## Your task
From the first line to the last, copy the material word for word; pictures stay out.

## Data segment
——————

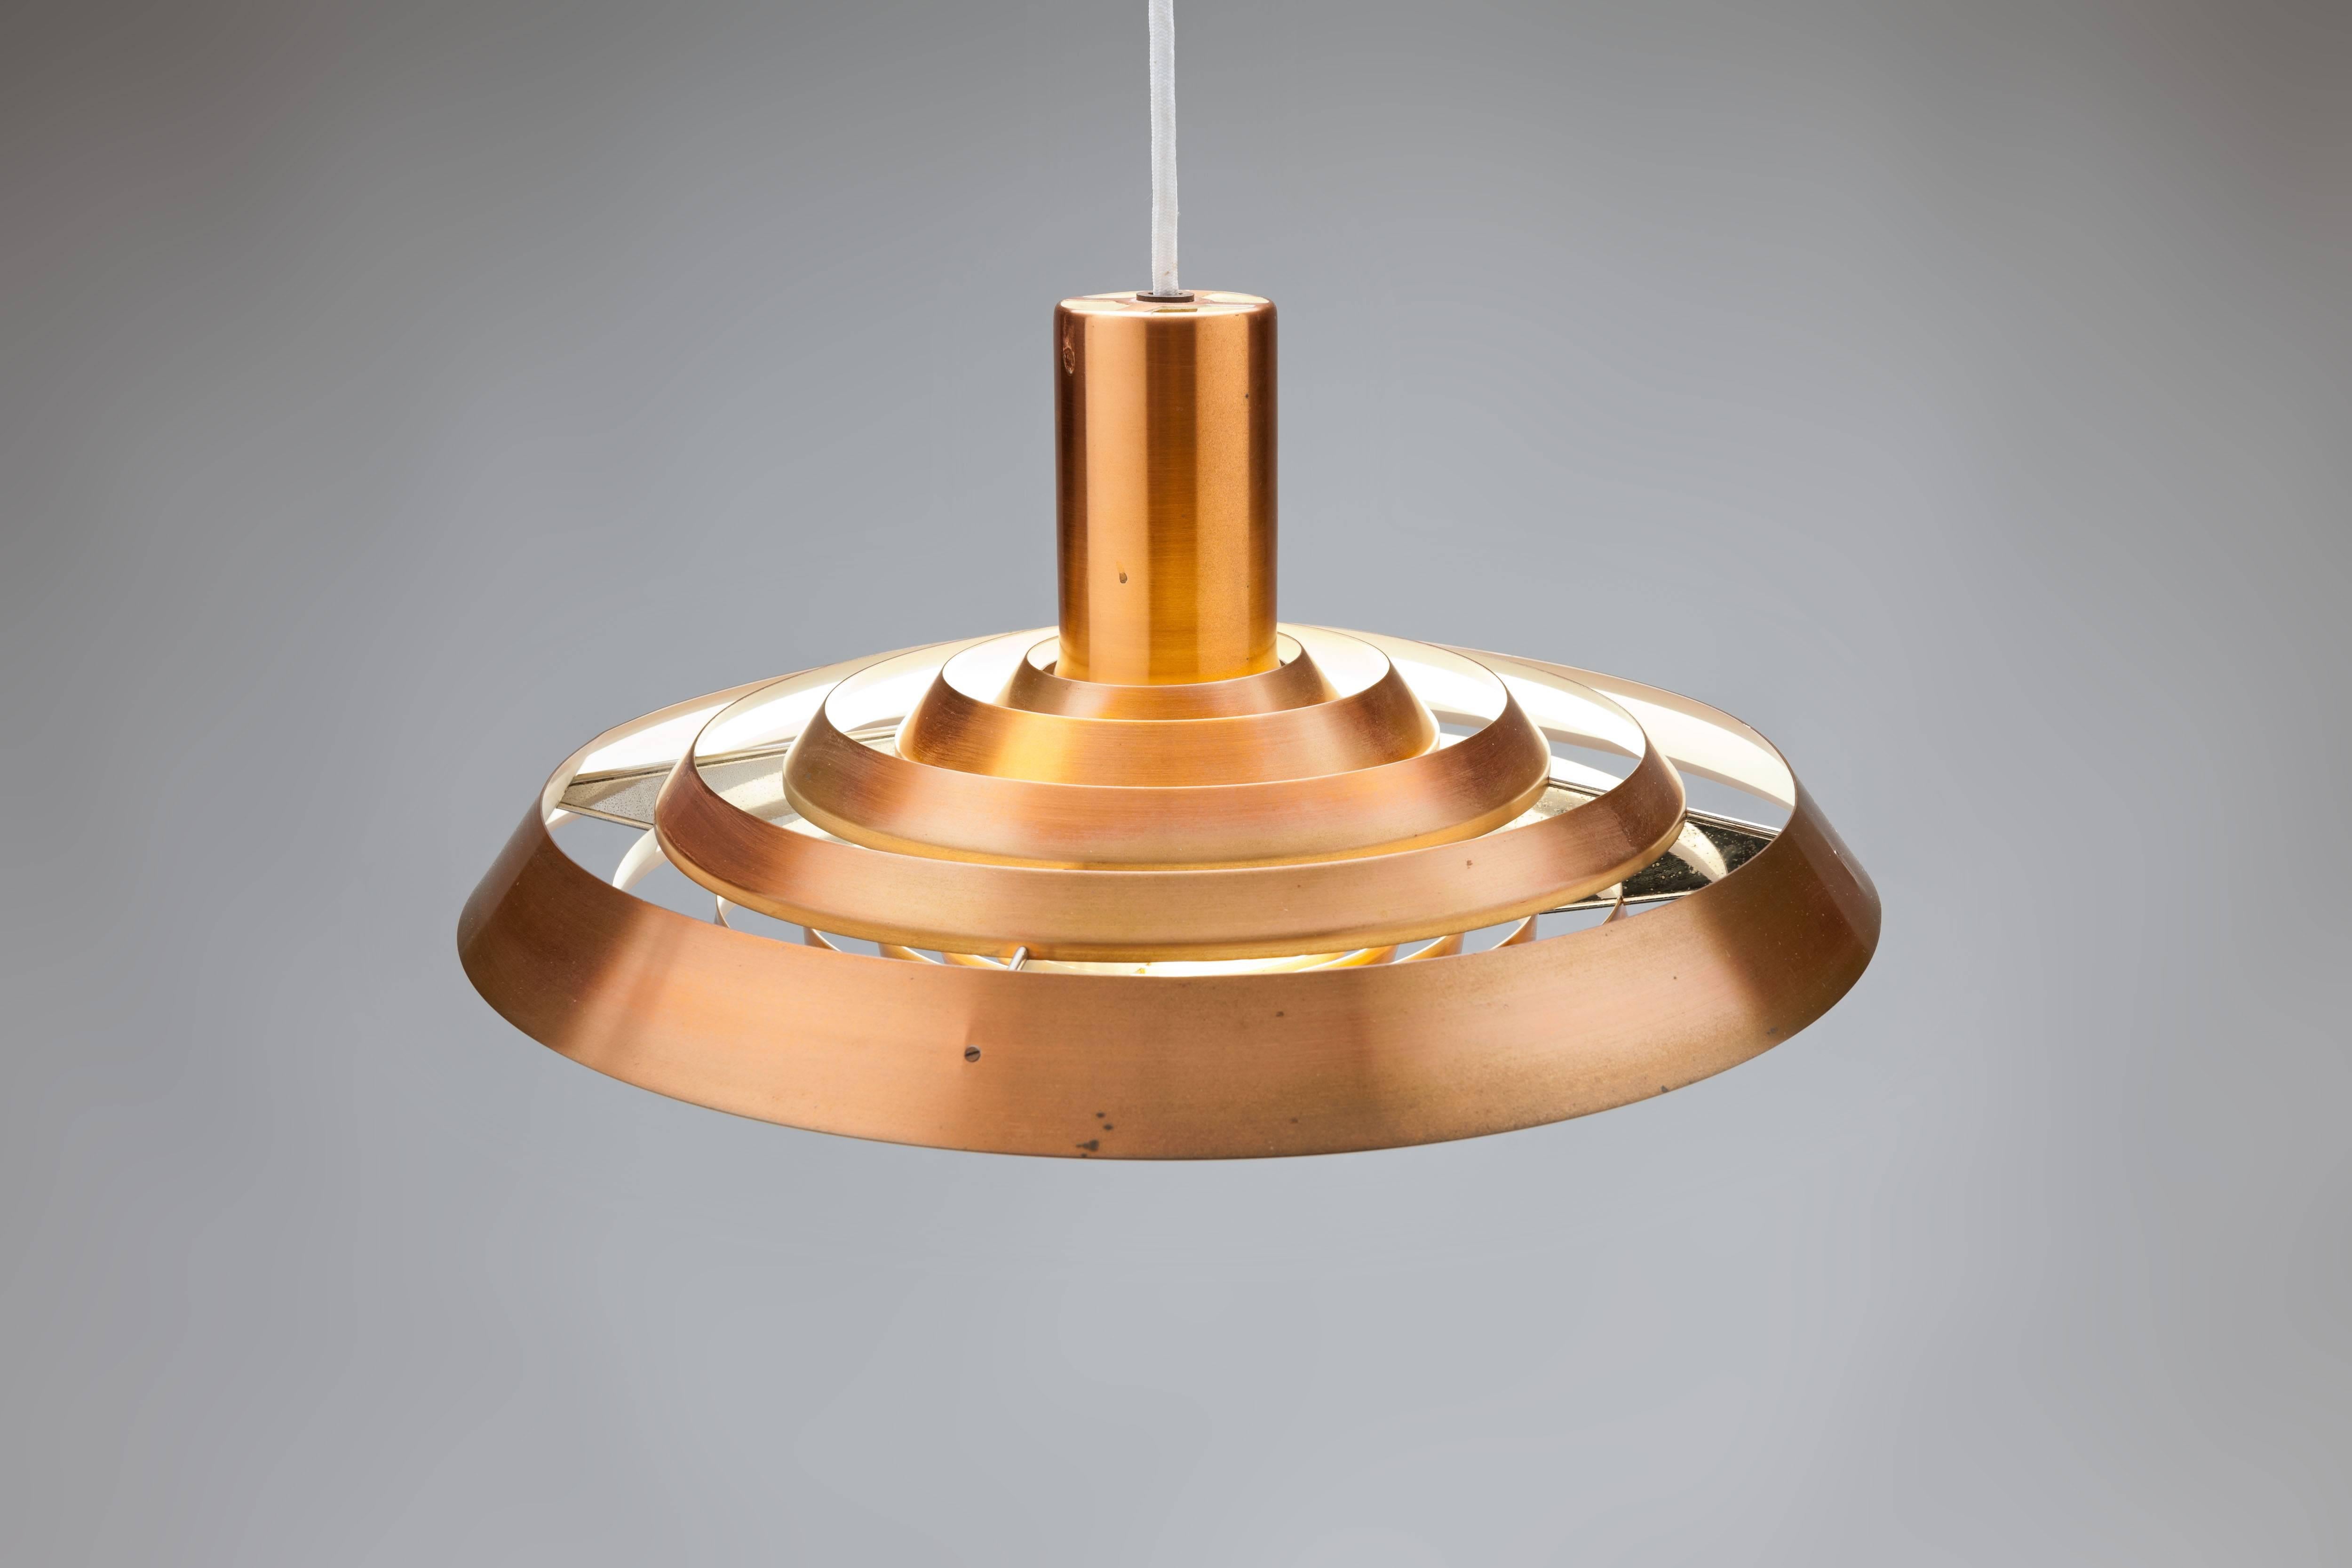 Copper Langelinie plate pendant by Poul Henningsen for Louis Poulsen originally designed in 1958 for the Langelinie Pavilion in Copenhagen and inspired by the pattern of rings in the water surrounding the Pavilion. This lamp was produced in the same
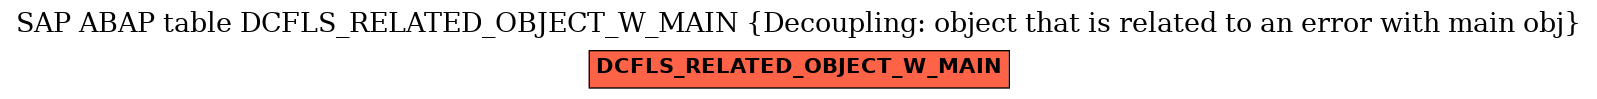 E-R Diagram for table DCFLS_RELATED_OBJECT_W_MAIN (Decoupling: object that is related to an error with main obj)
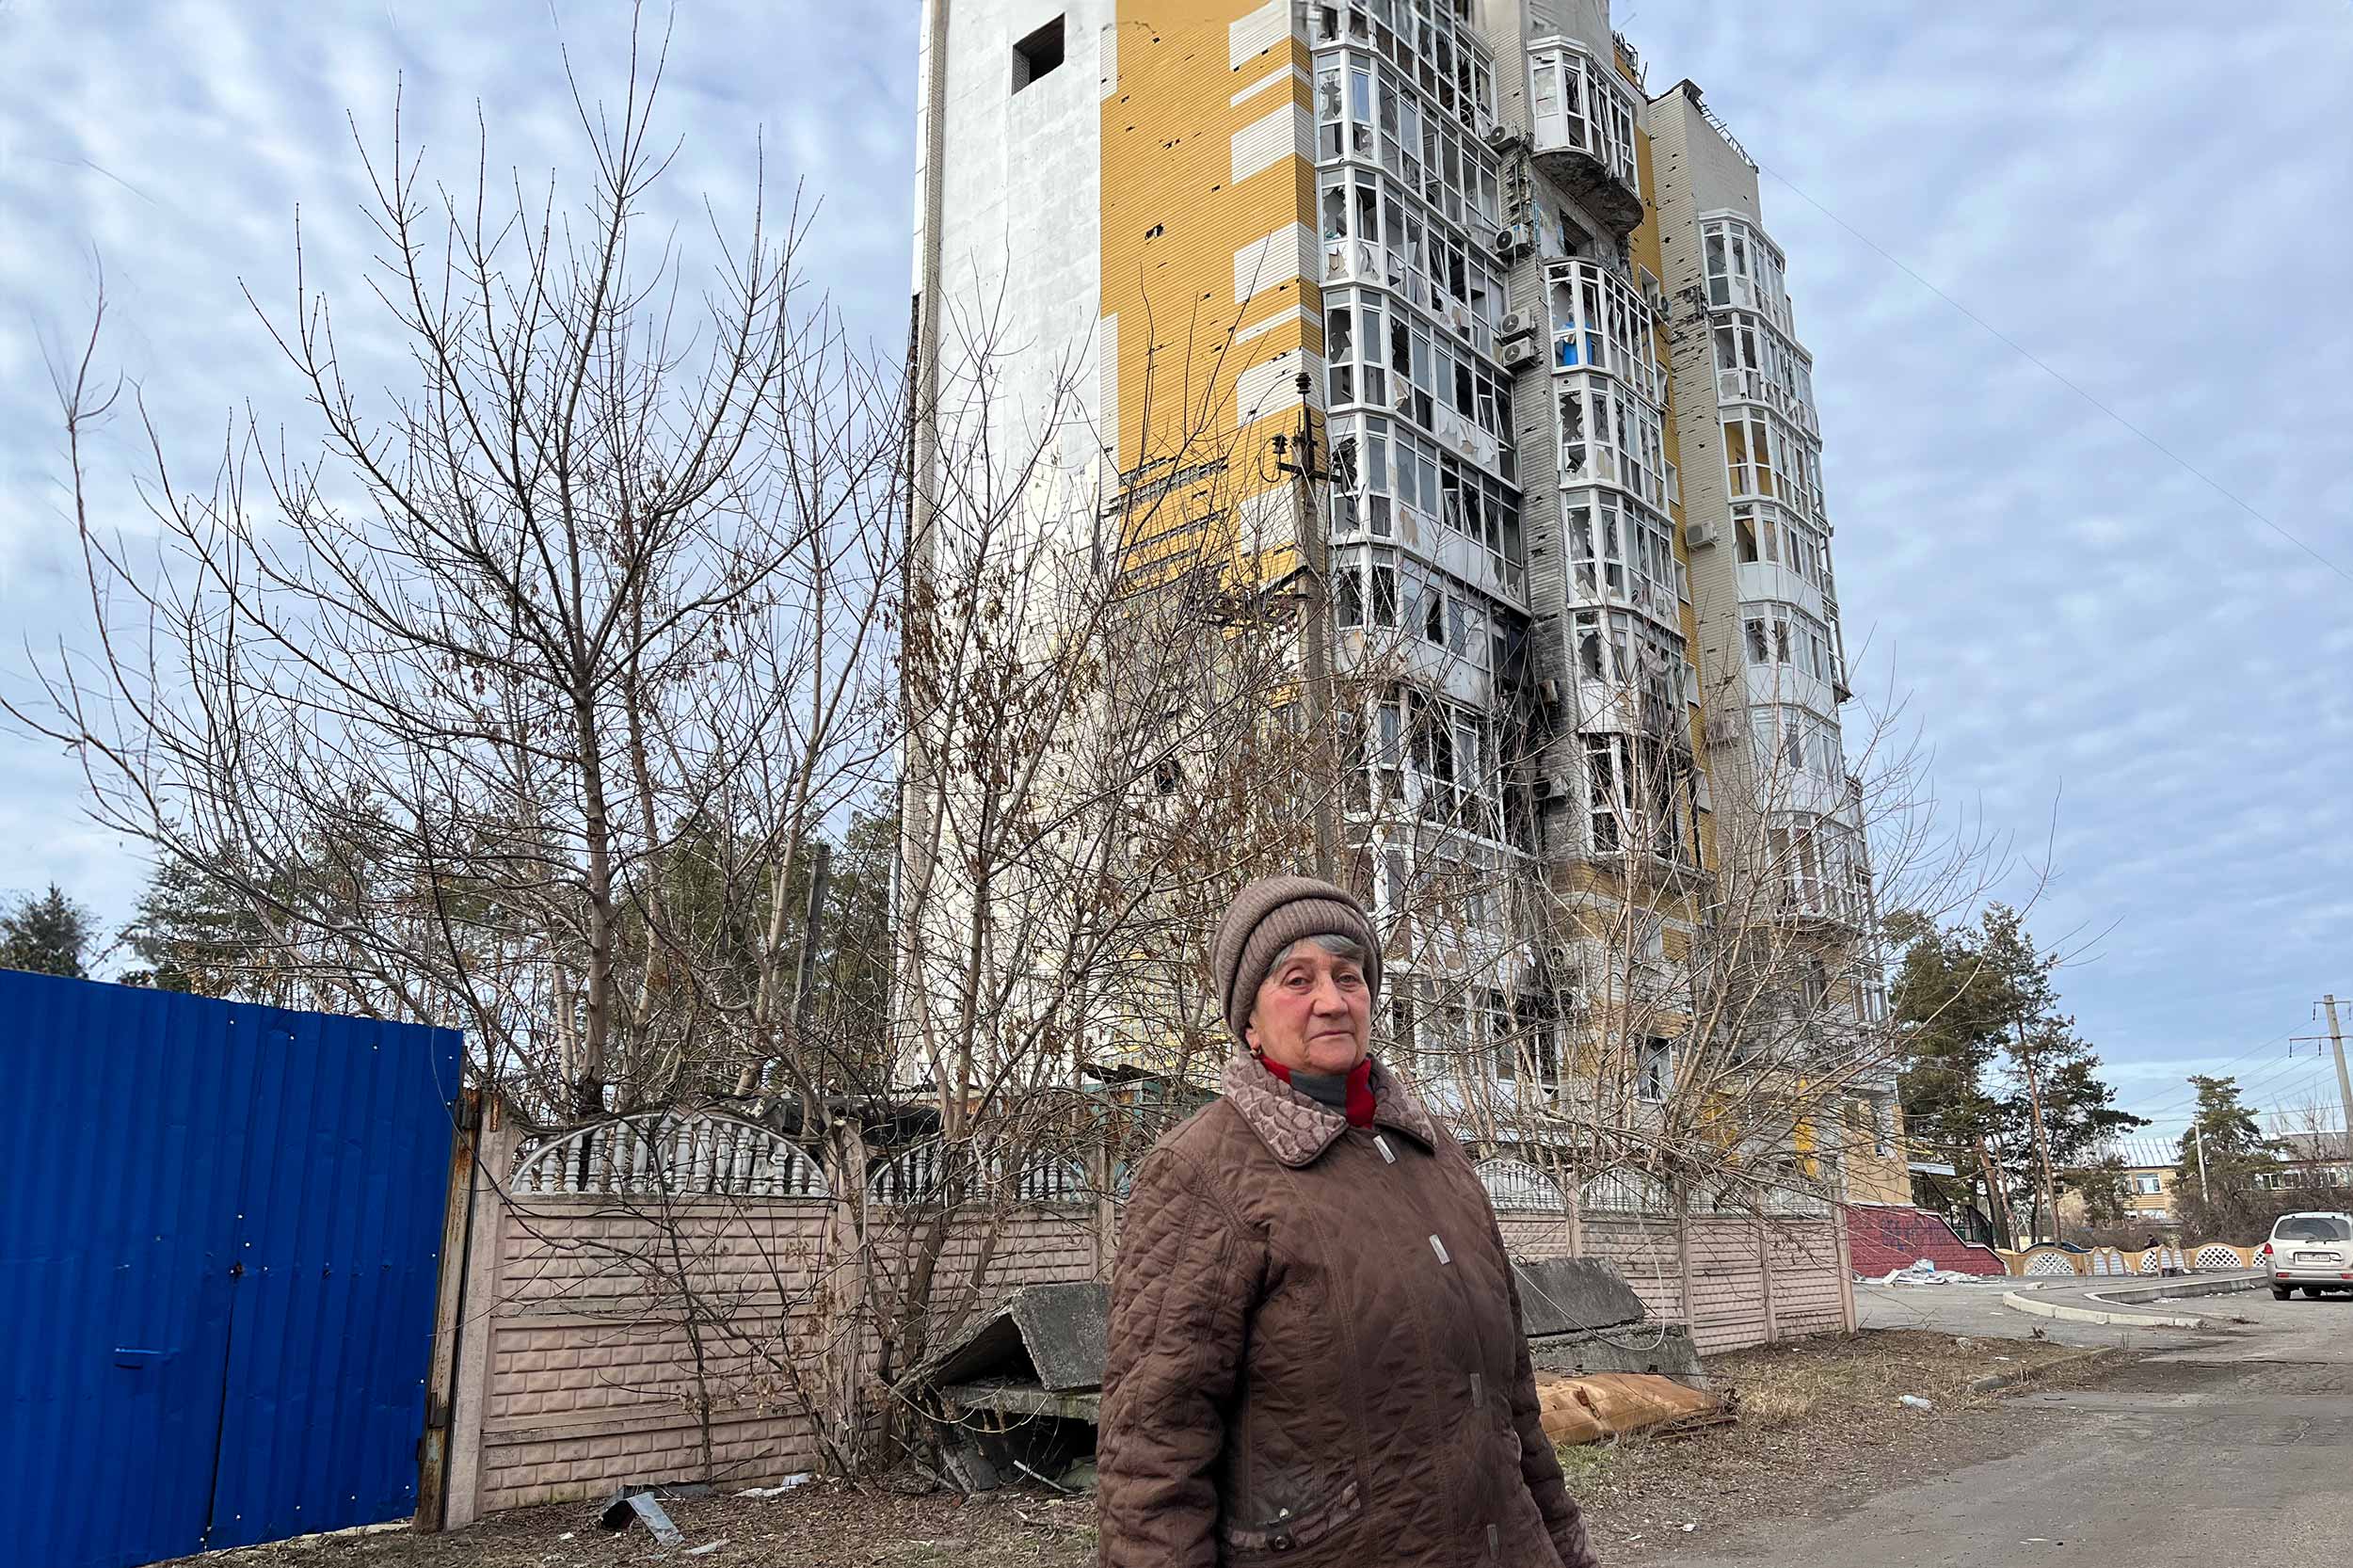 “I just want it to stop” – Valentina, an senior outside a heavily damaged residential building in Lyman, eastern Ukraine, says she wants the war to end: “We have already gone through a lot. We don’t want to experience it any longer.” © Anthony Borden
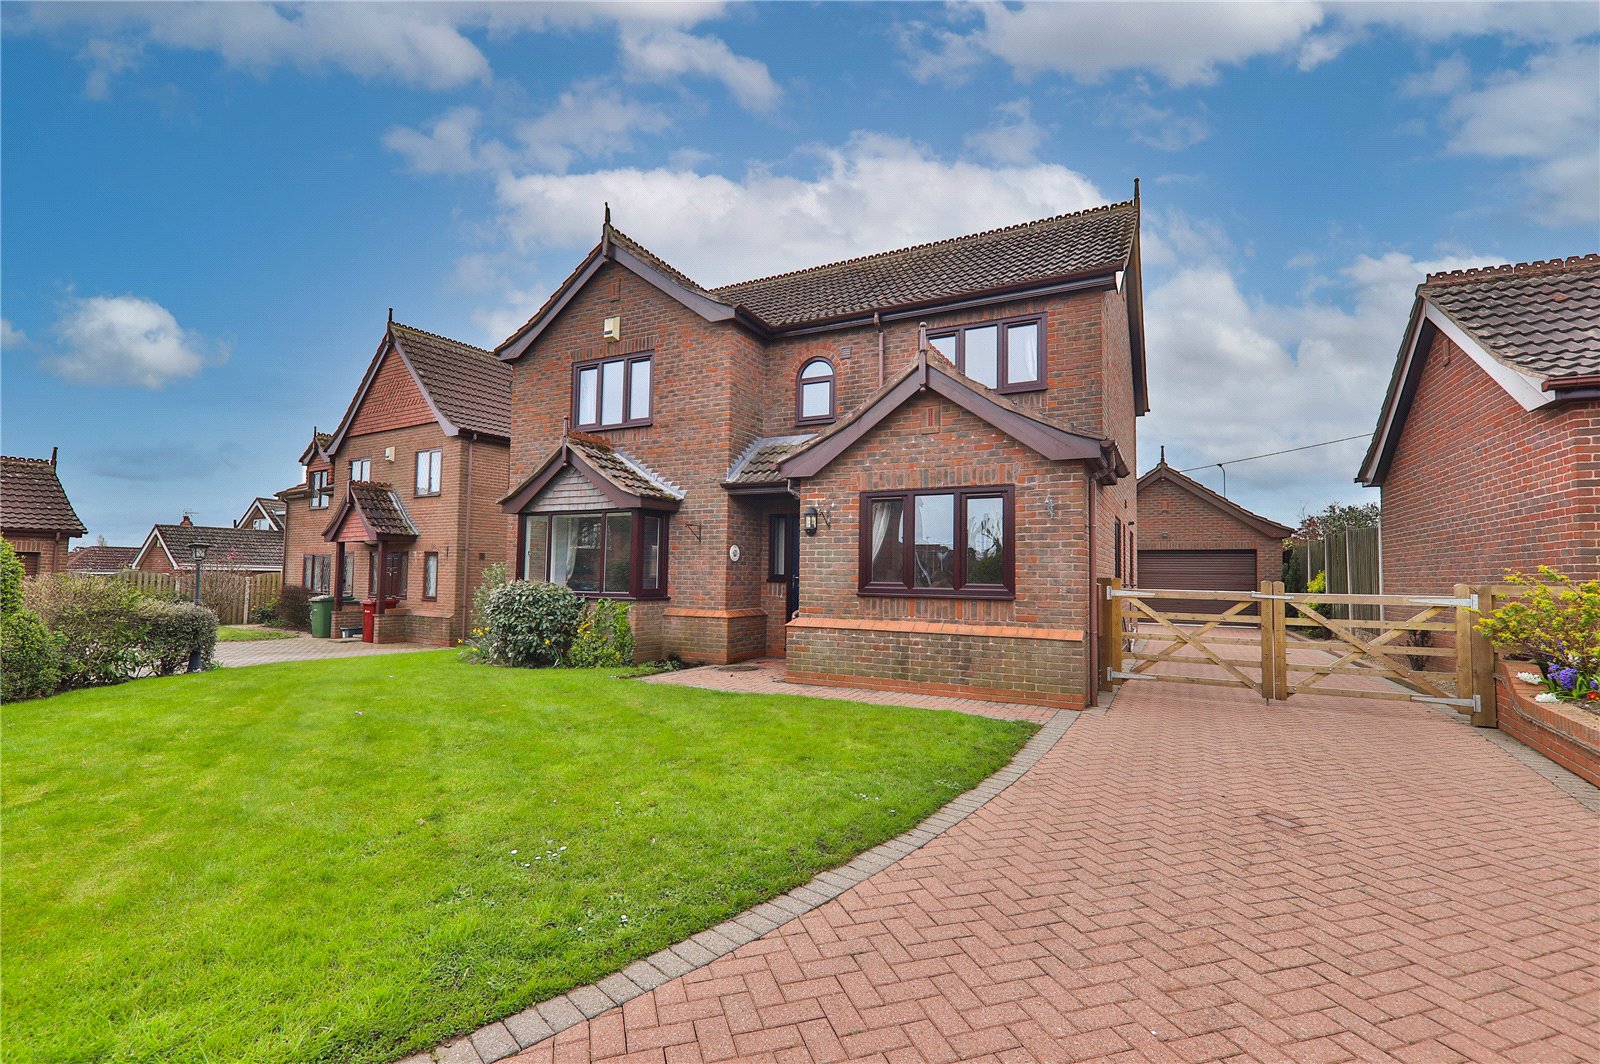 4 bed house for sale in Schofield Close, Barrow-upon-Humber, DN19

——————

## Answer space
 Copper Langelinie plate pendant by Poul Henningsen for Louis Poulsen originally designed in 1958 for the Langelinie Pavilion in Copenhagen and inspired by the pattern of rings in the water surrounding the Pavilion. This lamp was produced in the same
 E-R Diagram for table DCFLS_RELATED_OBJECT_W_MAIN (Decoupling: object that is related to an error with main obj)
 “I just want it to stop” – Valentina, an senior outside a heavily damaged residential building in Lyman, eastern Ukraine, says she wants the war to end: “We have already gone through a lot. We don’t want to experience it any longer.” © Anthony Borden
 4 bed house for sale in Schofield Close, Barrow-upon-Humber, DN19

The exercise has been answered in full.